===== Listed records =====

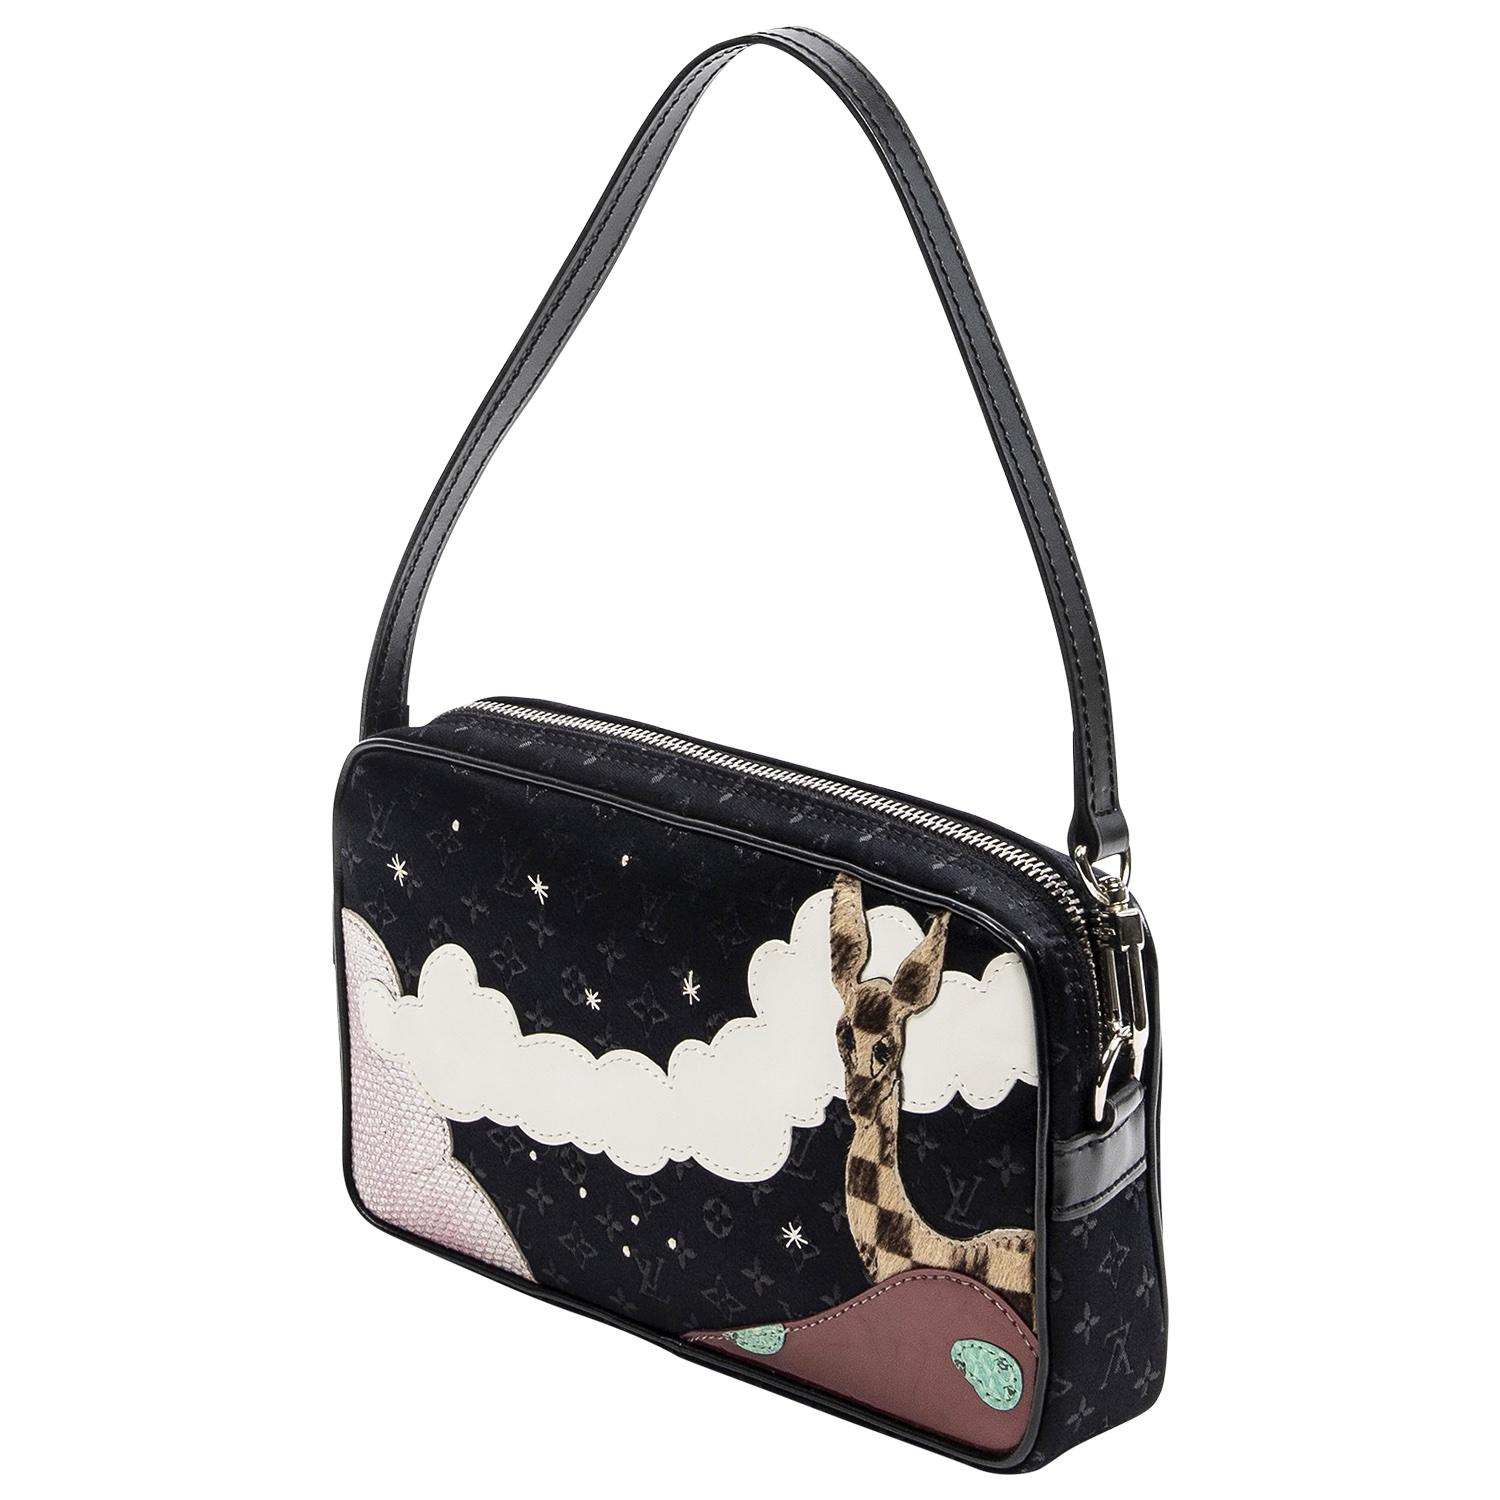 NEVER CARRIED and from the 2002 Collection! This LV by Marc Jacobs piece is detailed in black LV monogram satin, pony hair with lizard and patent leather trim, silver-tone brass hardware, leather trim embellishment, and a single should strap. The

=====
===== Listed records =====

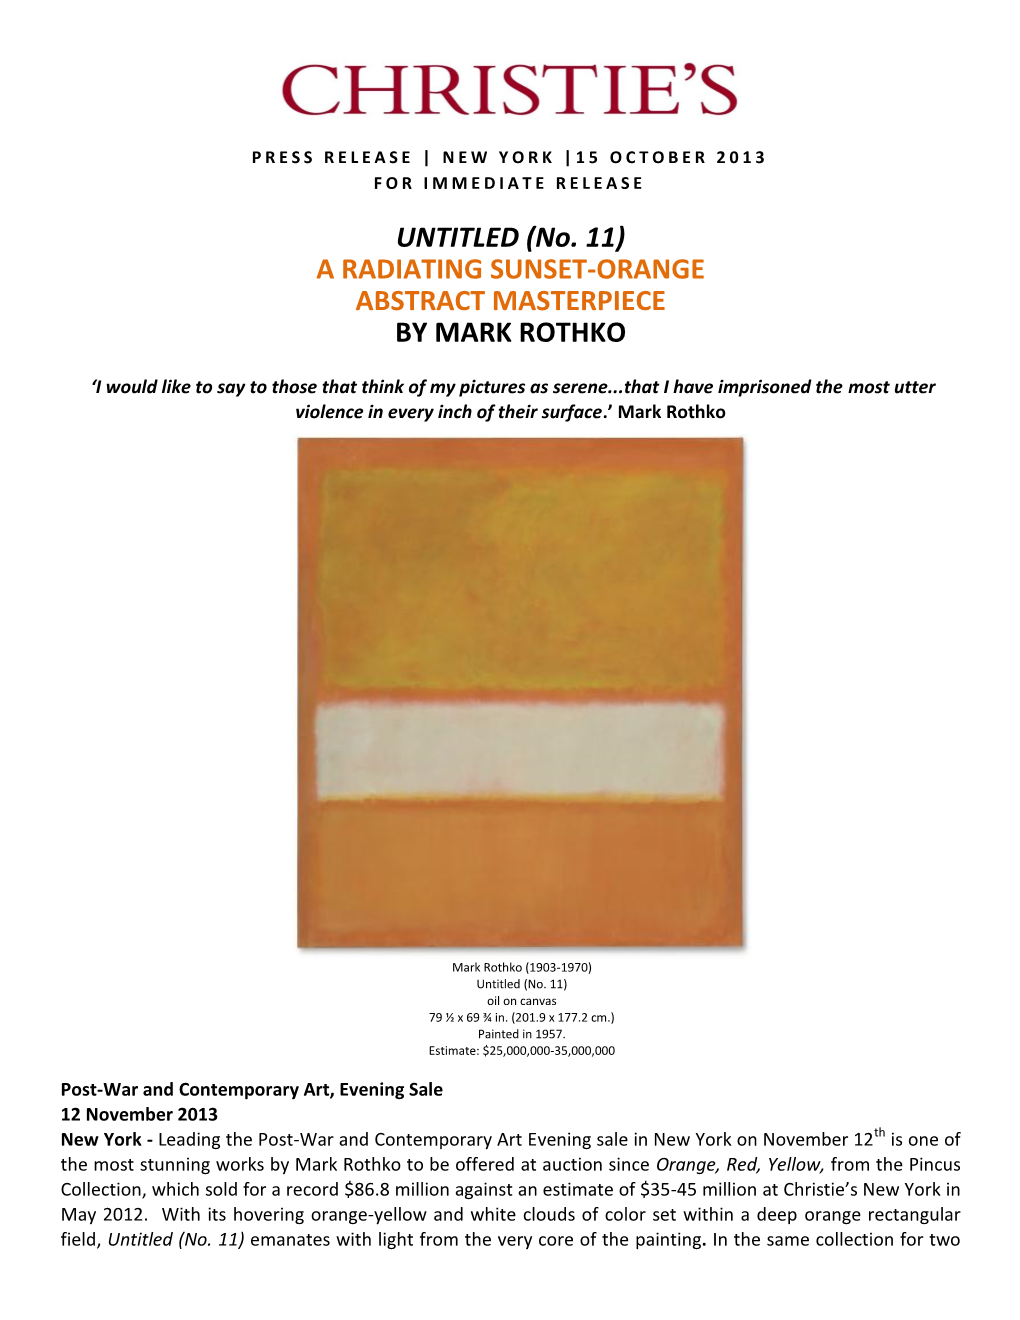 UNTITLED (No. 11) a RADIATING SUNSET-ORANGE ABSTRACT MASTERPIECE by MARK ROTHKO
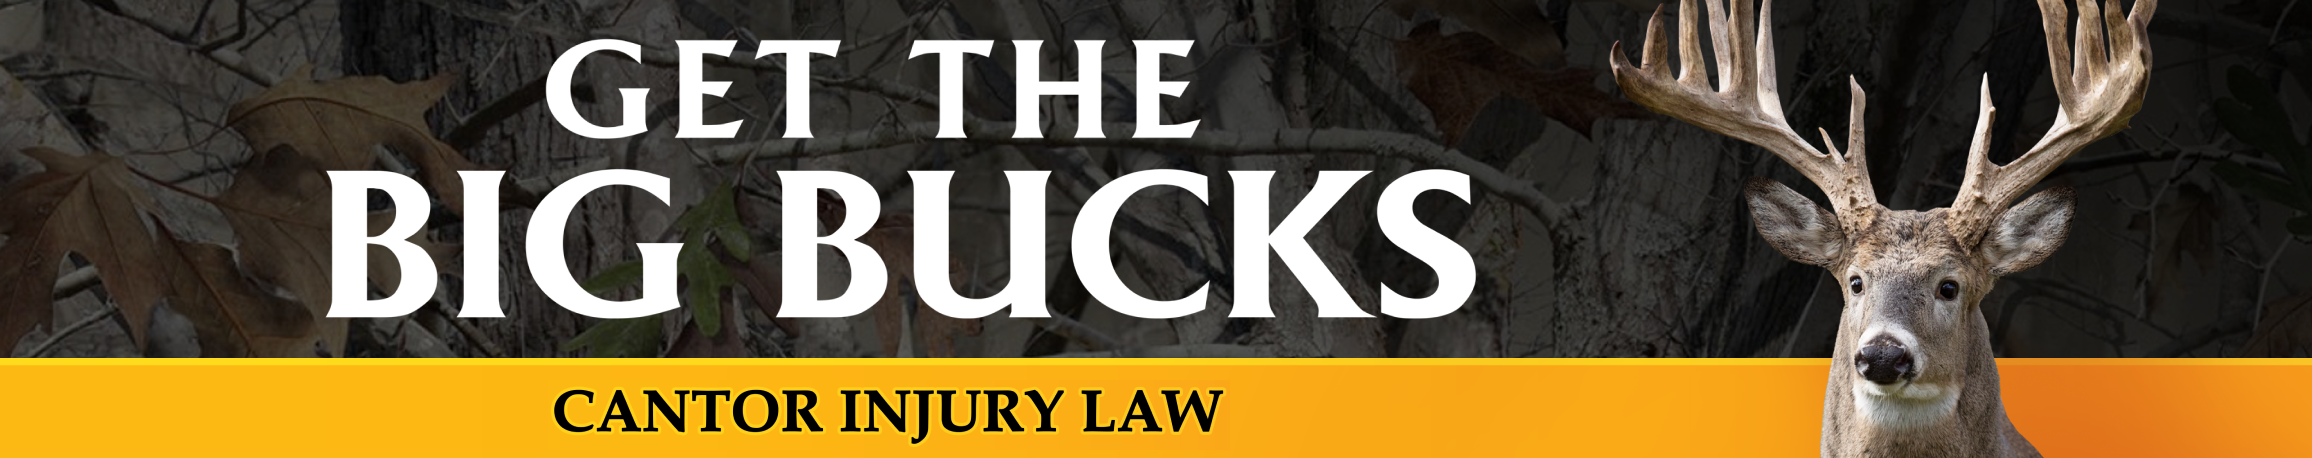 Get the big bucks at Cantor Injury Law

=====
===== Listed records =====

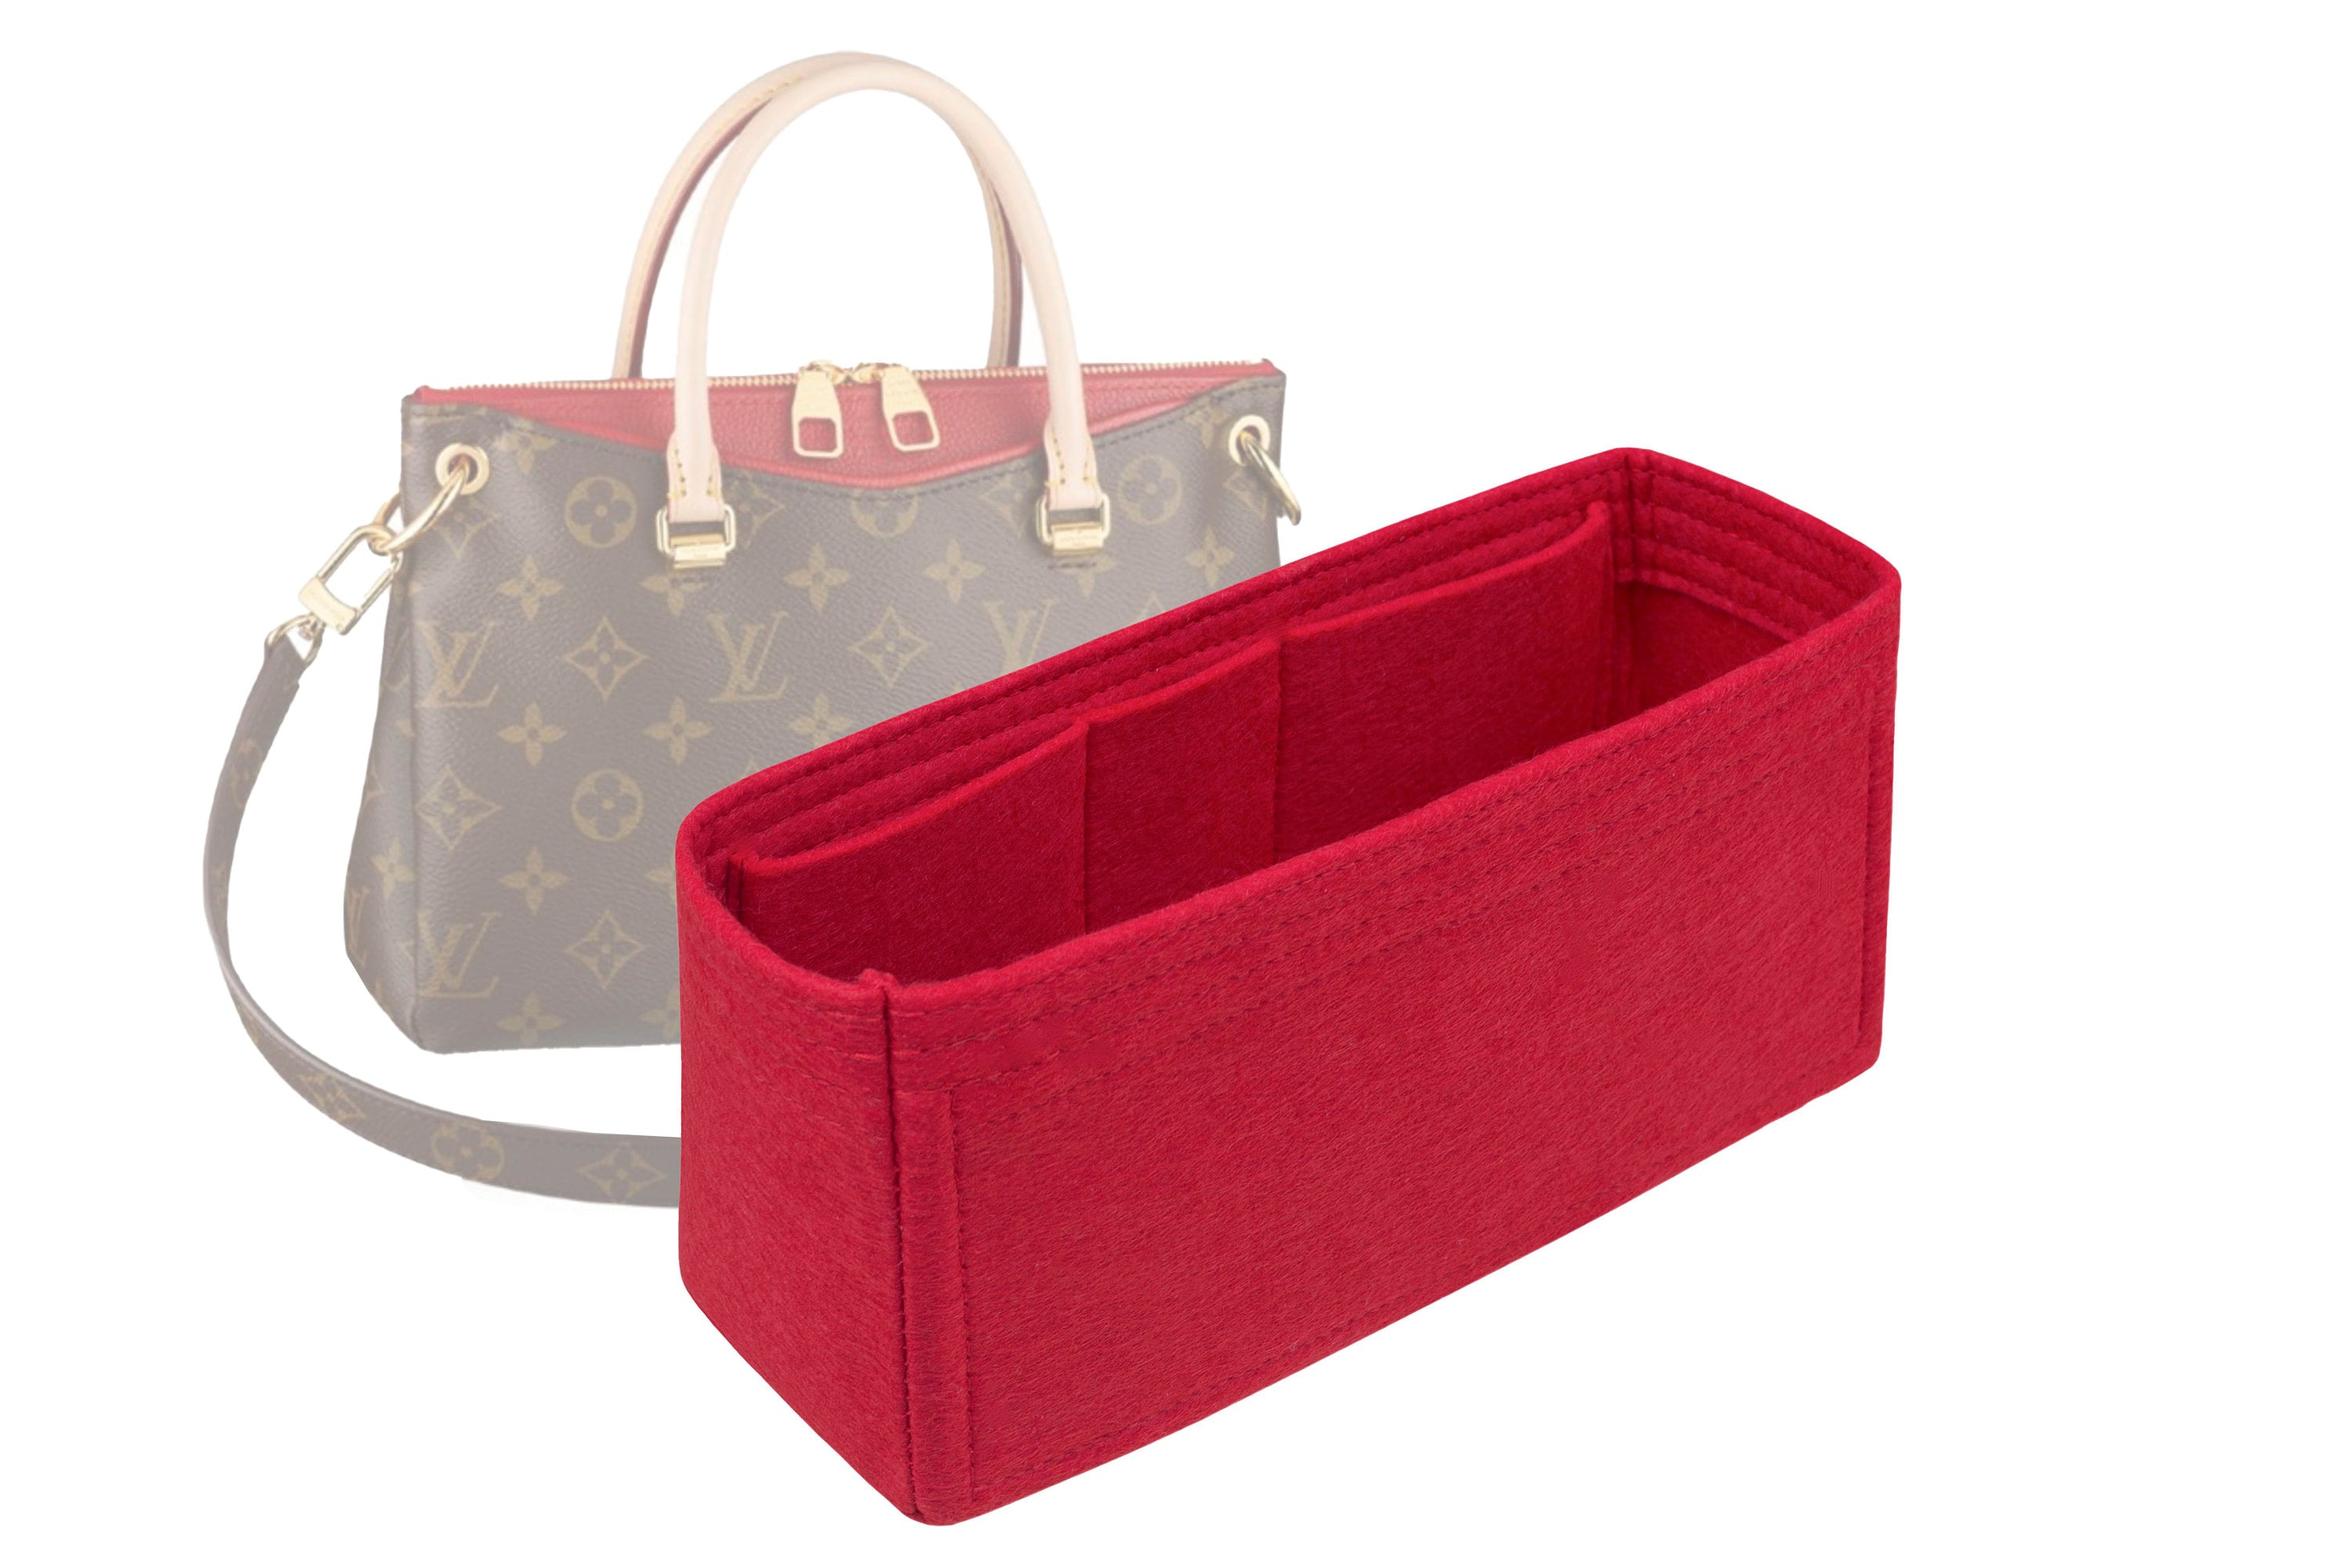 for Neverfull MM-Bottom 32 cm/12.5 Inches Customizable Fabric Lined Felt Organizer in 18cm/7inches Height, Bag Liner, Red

=====

## Problem
Each line above from the one containing "UNTITLED (No. 11)" through the one containing "Get the big bucks at Cantor Injury Law" is to be returned verbatim. Nothing else, and no pictures.

## Written solution
 UNTITLED (No. 11) a RADIATING SUNSET-ORANGE ABSTRACT MASTERPIECE by MARK ROTHKO
 Get the big bucks at Cantor Injury Law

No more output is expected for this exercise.